Background technology
Down syndrome (Down Syndrome, DS), i.e., 21- patau syndromes, also referred to as mongolism or Down are comprehensive
Simulator sickness, it is due to inborn defect class disease caused by No. 21 chromosome abnormality, is most common one in birth defect
Kind chromosome aneuploid genetic disease.Pathogenesis based on Down syndrome is still unclear, currently for the disease still
There is no effective treatment method, it is the current important means for reducing inborn defect that birth, which is intervened, and intervention of being born depends on
Pre-natal diagnosis and Prenatal Screening.Prenatal Screening is mainly in (15~20 weeks) detection pregnant woman of pregnant early stage (7~12 weeks) and second trimester
Examination, Ultrasonic screening, the serological examination of fetomaternal and United screening scheme of certain index including pregnant woman age etc.
To assess the risk whether fetus suffers from DS.Traditional pre-natal diagnosis then mainly using invasive sampling means, including
Umbilical cord takes blood, amniocentesis and chorionic villous sampling etc., utilizes DS genetic diagnosis technology, DS Molecular diagnosis technology, glimmering
The technologies such as light in situ hybridization (FISH), PCR (QF-PCR) and STR (STR) are entered to fetus sample
Row analyzing and diagnosing.However, traditional Prenatal Screening has, recall rate is low, loss is high and lacking for false positive easily occurs in result
Point, pre-natal diagnosis is then because the means of intrusive mood sampling easily produce bleeding, miscarriage or with other complication.
In order to improve the security of the accuracy of Prenatal Screening and pre-natal diagnosis, researchers are exploring new DS always
Non-invasive methods for prenatal diagnosis.Non-invasive Prenatal Diagnosis have the advantages that it is easy, safe and reliable, including female blood tire
Youngster's cellular pathways, female blood fetus dissociative DNA approach and female blood fetus dissociative RNA approach.Yet with fetal nucleated cell
Genome covers the whole hereditary information of fetus, thus the fetal nucleated cell being present in pregnant woman's circulating becomes initially
The research direction of researchers.But greatest problem existing for this method in fetal nucleated cell in maternal blood content pole
It is few, the requirement of analyzing and diagnosing is unable to reach, clinical practice is received certain limitation.
In summary, based on traditional Prenatal Screening and the defects of pre-natal diagnosis, and existing Non-invasive Prenatal Diagnosis method
Deficiency so that explore new non-invasive Down syndrome fetus pre-natal diagnosis mark and have very important significance.

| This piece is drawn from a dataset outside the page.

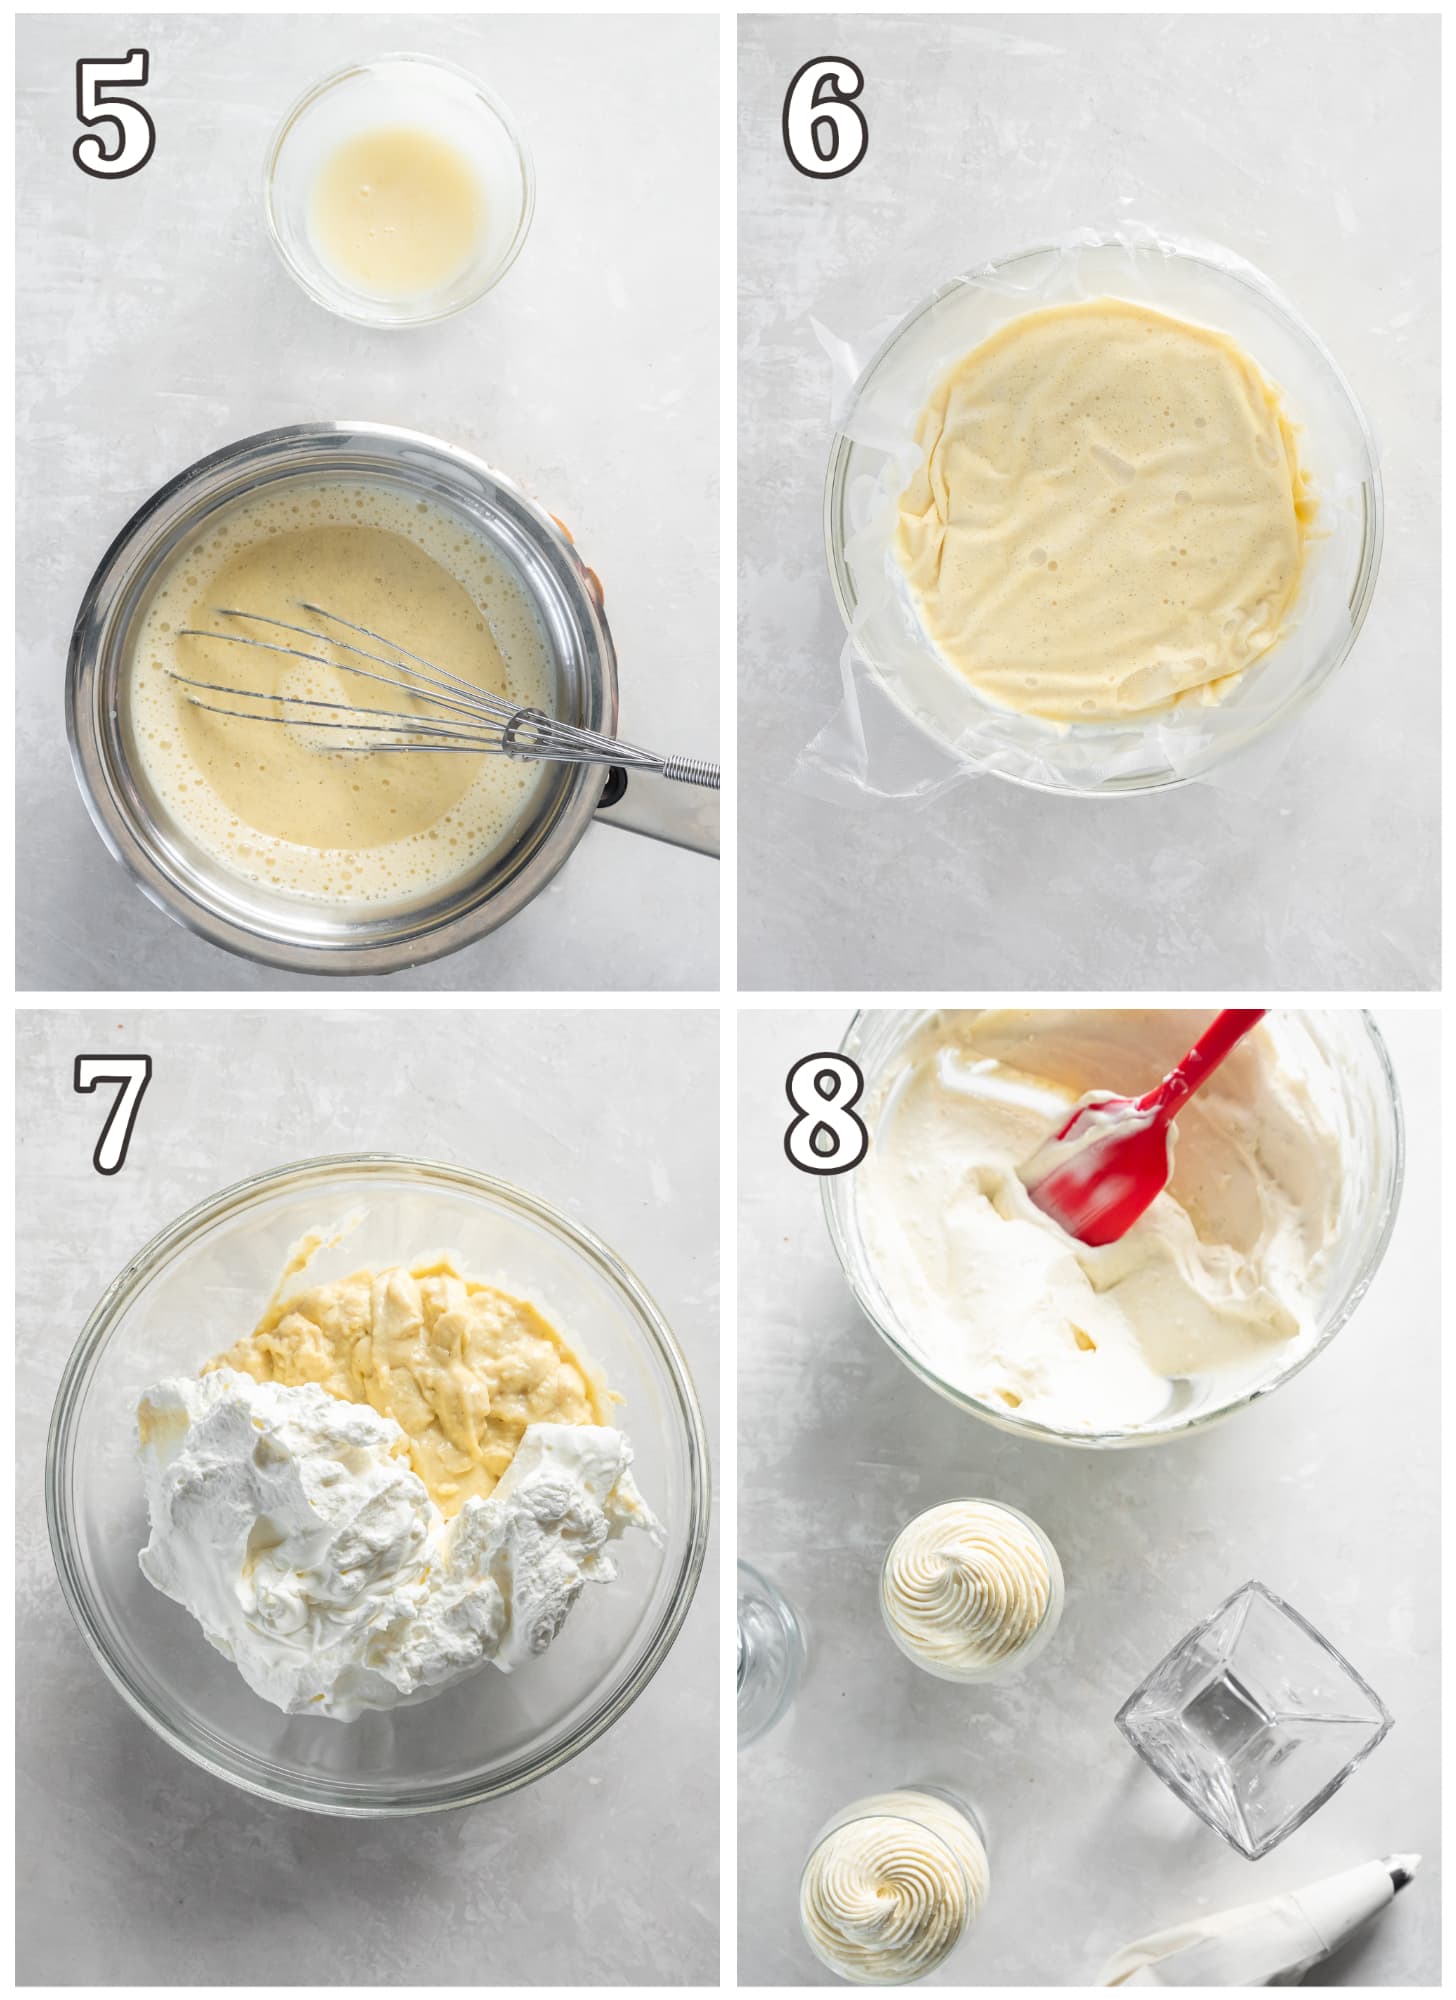 photo collage demonstrating how to make vanilla mousse with whipped cream.

The content of the invention
It is an object of the invention to disclose a kind of new ring-type hsa_circRNA_103112.
The technical solution used in the present invention is:A kind of circular rna is disclosed, its sequence such as SEQ ID NO:Shown in 1.
Preferably, the circular rna is as Down syndrome detection, treatment, the application of prognosis target spot.
A kind of Down syndrome detection kit, containing detection sequence can be quantified it is SEQ ID NO in the kit:1
Circular rna reagent.
Preferably, it is SEQ ID NO containing real time fluorescent quantitative detection sequence in the kit:The primer of 1 circular rna
Sequence.
Preferably, detection circular rna primer sequence is:
F:5’-GCACTTCCTGGCAATGATAGAT-3’(SEQ ID NO:4);
R:5’-GGCTTGCTGTAGTATCTGGGTG-3’(SEQ ID NO:5).
Quantitative detection sequence is SEQ ID NO:The reagent of 1 circular rna is in Down syndrome detection reagent is prepared
Using.
Preferably, quantitative detection sequence such as SEQ ID NO:The reagent of circular rna shown in 1 is that real time fluorescent quantitative detects sequence
Row such as SEQ ID NO:The primer sequence of circular rna shown in 1.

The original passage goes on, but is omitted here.